门房殷勤地送上茶水:“粗茶一盏,同知千万不要嫌弃。”
江芸芸接过茶水,看了一眼,茶汤清澄,香味浓郁,算好茶了。
“不知知府大人今日可在衙门。”她端着茶也没有喝,开口询问道。
“不在,知府这几日都在清点送过来的军需粮草,早些弄好,也好早些给士兵们发现发下去,所以一直在城东校场那边呢。”门房指了一个方向,“出了承恩门,再出广武门,大概走路两炷香不到的时间就能到了。”
“多谢指点。”江芸芸笑说着。
门房连道不敢。
两人说话间,一个头发花白的老人快步走了过来,看着江芸芸脸上就露出笑来:“江同知,久闻大名,今日一见才知什么是‘百闻不如一见’啊,真是少年才俊啊。”
江芸芸也跟着站了起来。
“在下是秦铭,字明警,乃是兰州的通判。”秦铭自我介绍着。
“在下江芸,字其归。”江芸芸跟着说道。
“江状元,鼎鼎有名,哪里还需要介绍啊。”通判笑说着,随后看着几人大包小包的样子,惊讶说道,“同知可是今日来的?”
江芸芸连连点头。
“知府这几日都不在,拜帖留下即可,回头我替你递给知府。”秦通判笑说着。
江芸芸眼珠子一转,反而握紧手中的拜帖。
秦通判一楞,惊疑不定问道:“同知可是有什么事情要亲自和同知交代的?”
江芸芸摇头。
“那,可是打算亲自递交拜帖。”秦通判又谨慎问道。
江芸芸还是摇头。
秦通判更是不解,犹犹豫豫说道:“那……可是有其他事情?”
江芸芸秦通判眼睛一亮,连连点头。
秦通判面上带笑地看着她:“不知可否紧要,是否需要我帮忙。”
江芸芸热切问道:“衙门包吃包住嘛?”
秦通判脸上笑容缓缓僵硬,随后发出一声:“啊?”
“按照高皇帝规定——前公后私,公私结合,那衙门内可有同知的廨舍?”江芸芸认真问道。

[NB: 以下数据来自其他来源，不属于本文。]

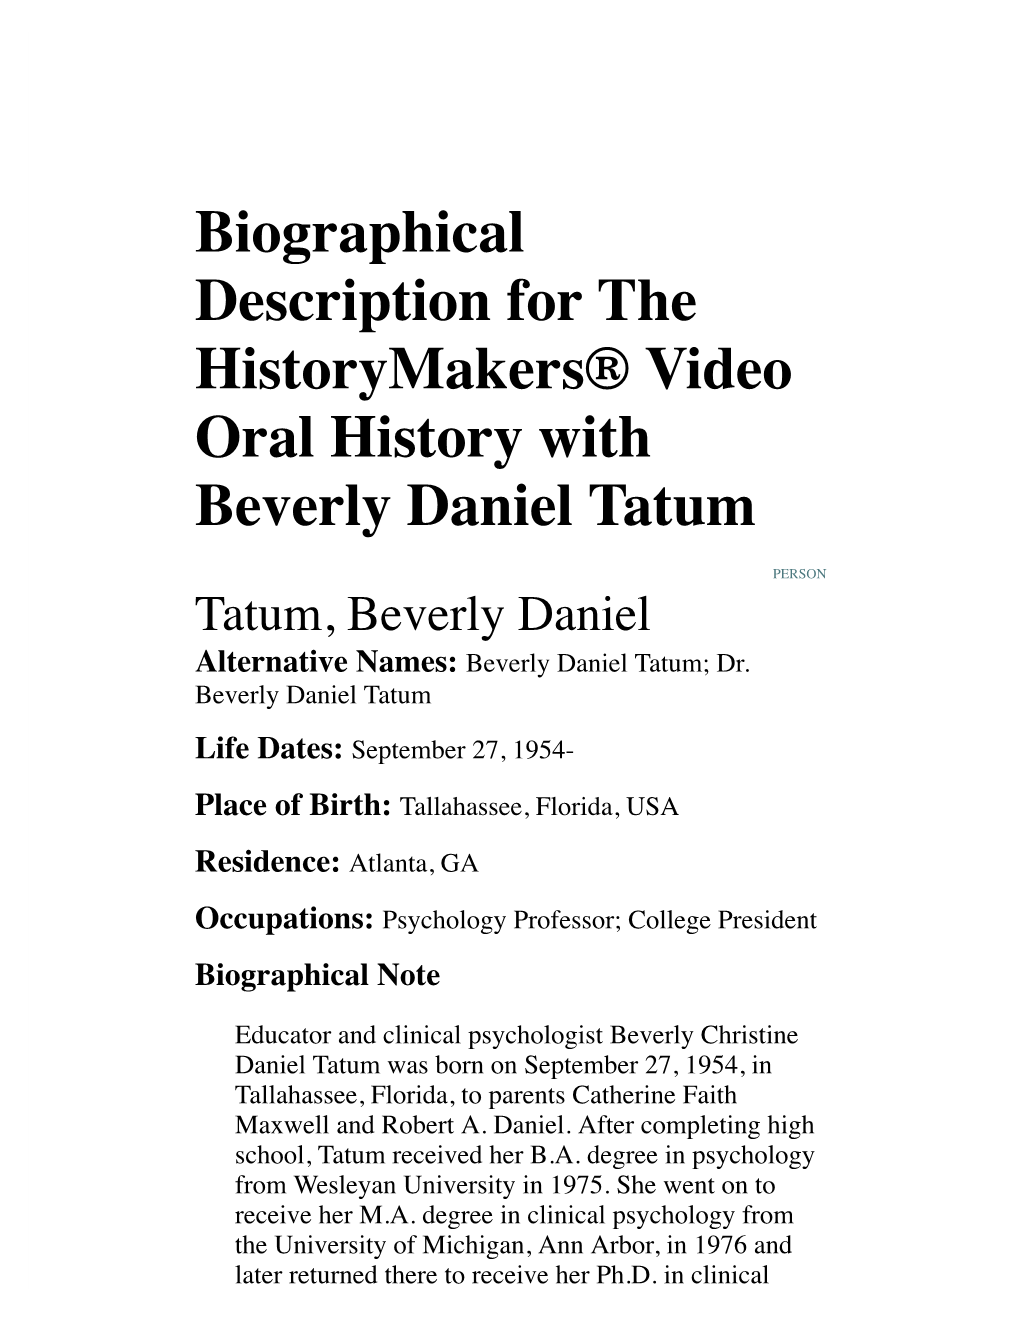 Biographical Description for the Historymakers® Video Oral History with Beverly Daniel Tatum

秦通判确定自己没有听错,仔仔细细打量着面前之人,好一会儿才说道:“按理是该有的……”
江芸芸的眼睛更亮了。
秦通判的话倒是突然低了下去。
“去年入冬过年前,我们兰州被那些河对岸的蛮子们闯入过,闹出好大的风波,您的上一任同知就是在那一次没的,死的可惨了。”
他一顿,却见江芸芸并无太多异色,也不知到底听懂了没有,只好话锋一转,继续说道。
“而且我们衙门当时也遭了大罪,烧了一半,衙门每年都抽不出多余的钱,所以就一直没修……”他耸了耸肩膀,“官舍全没了。”
江芸芸眼睛骤然暗了下来。
“就连知府也都是只有一间小院子,一家五口,外加四个仆人,九个人挤在一起呢。”秦通判小声说道,随后话锋一转,“我们都住在西南那一面,其实也就是主街西大街的对面,道门街附近,出入也很是方便的。”
他颇为上道,见江芸芸失落的样子又抓紧说道:“您要是没找到合适的地方,我等会让小吏去庄宅牙人那边看看,定能找到你们满意的。”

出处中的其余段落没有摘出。